Data records:
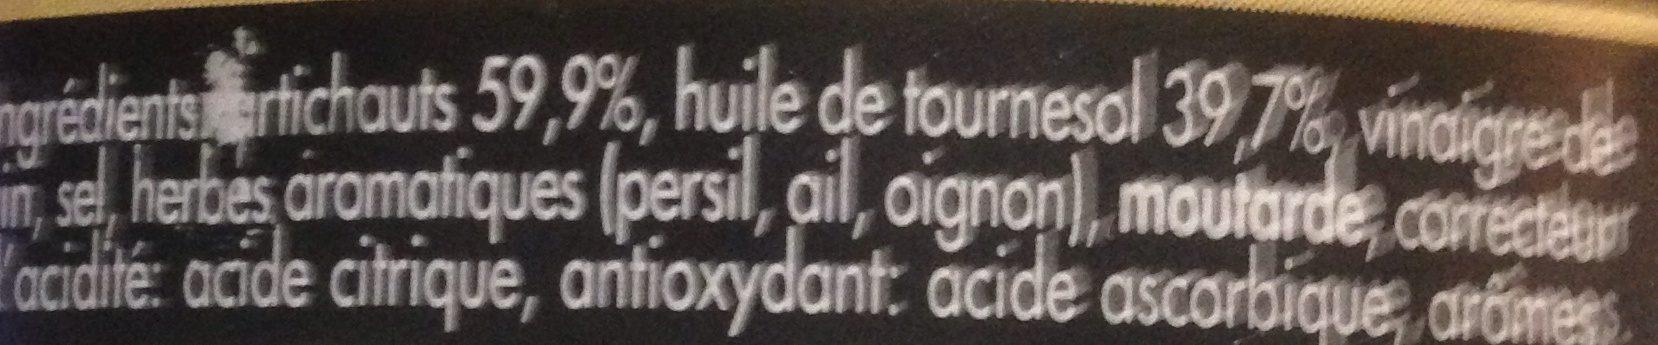 Coeurs d'artichauts à la paysanne - Ingrédients - fr
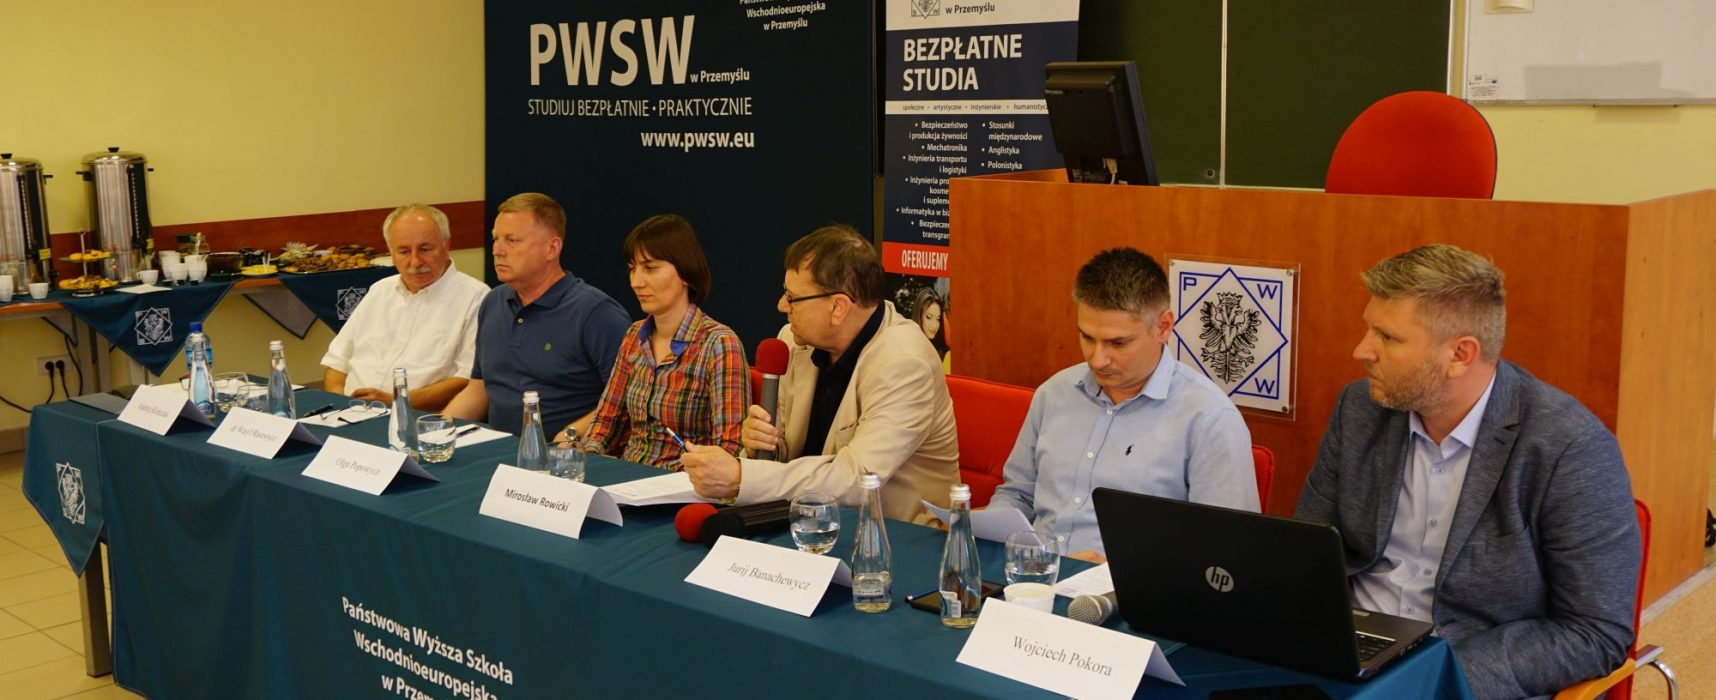 Перемышль: журналисты обсудили свою роль в польско-украинских отношениях
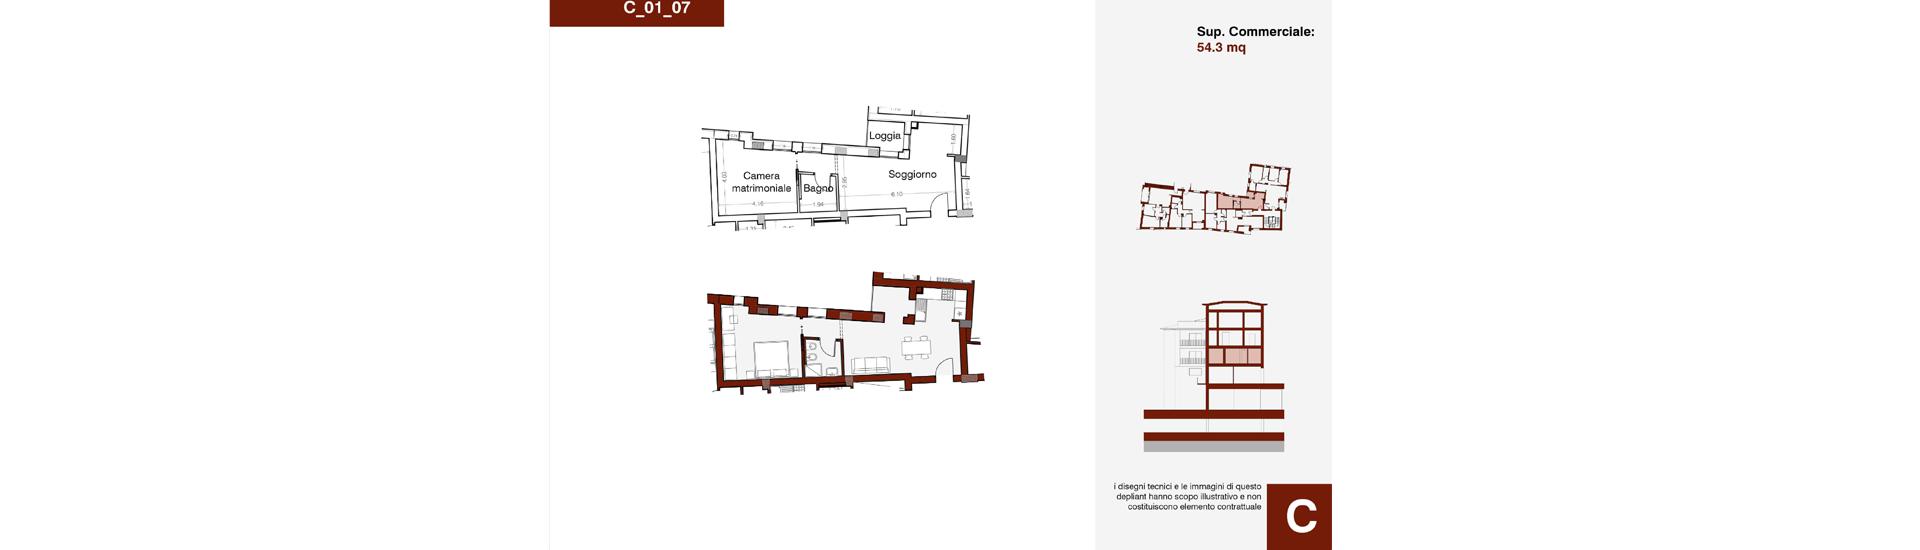 Edificio C, C_01_07, immagine completa
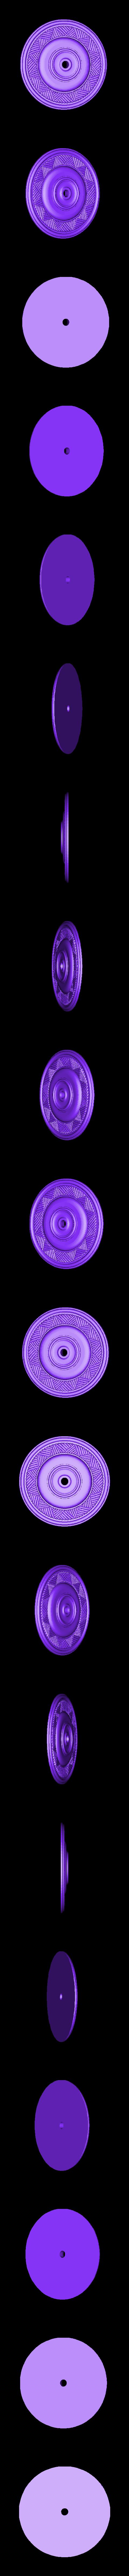 18.stl Télécharger fichier OBJ gratuit Moulures vintage pour vieux appartements classiques cnc art machine à router 3D printed • Modèle à imprimer en 3D, 3DPrinterFiles
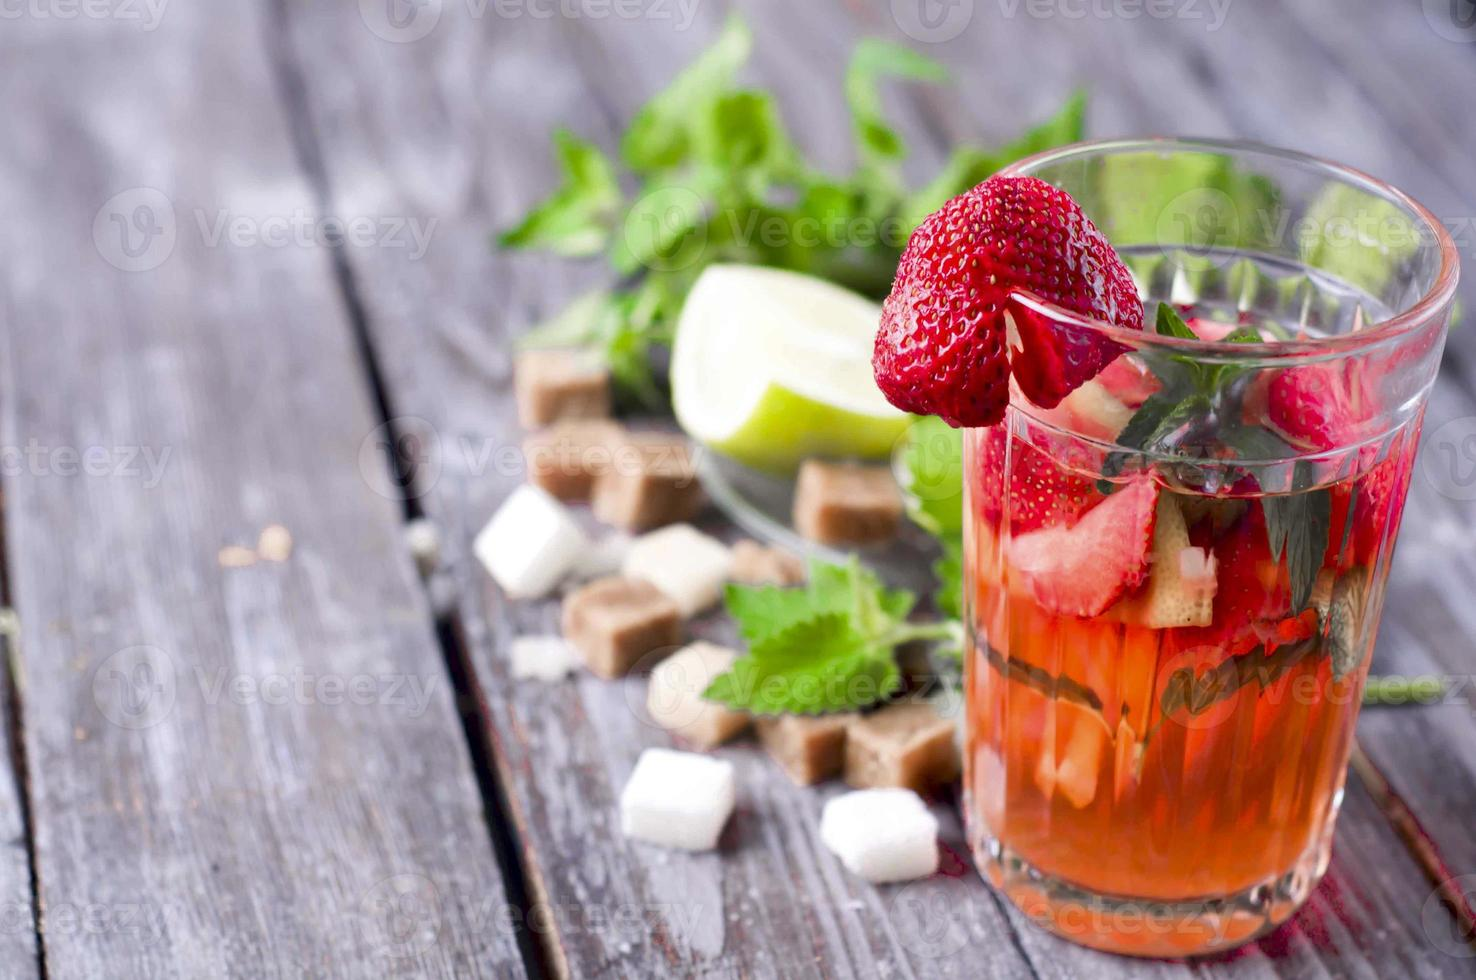 verfrissend zomerdrankje met aardbei foto

What to do:
Return exactly the lines starting at the line with "Edificio C, C_01_07, immagine completa" and ending at the last line of the listing, both ends included; pictures are to be left out.

Answer box:
 Edificio C, C_01_07, immagine completa
 18.stl Télécharger fichier OBJ gratuit Moulures vintage pour vieux appartements classiques cnc art machine à router 3D printed • Modèle à imprimer en 3D, 3DPrinterFiles
 verfrissend zomerdrankje met aardbei foto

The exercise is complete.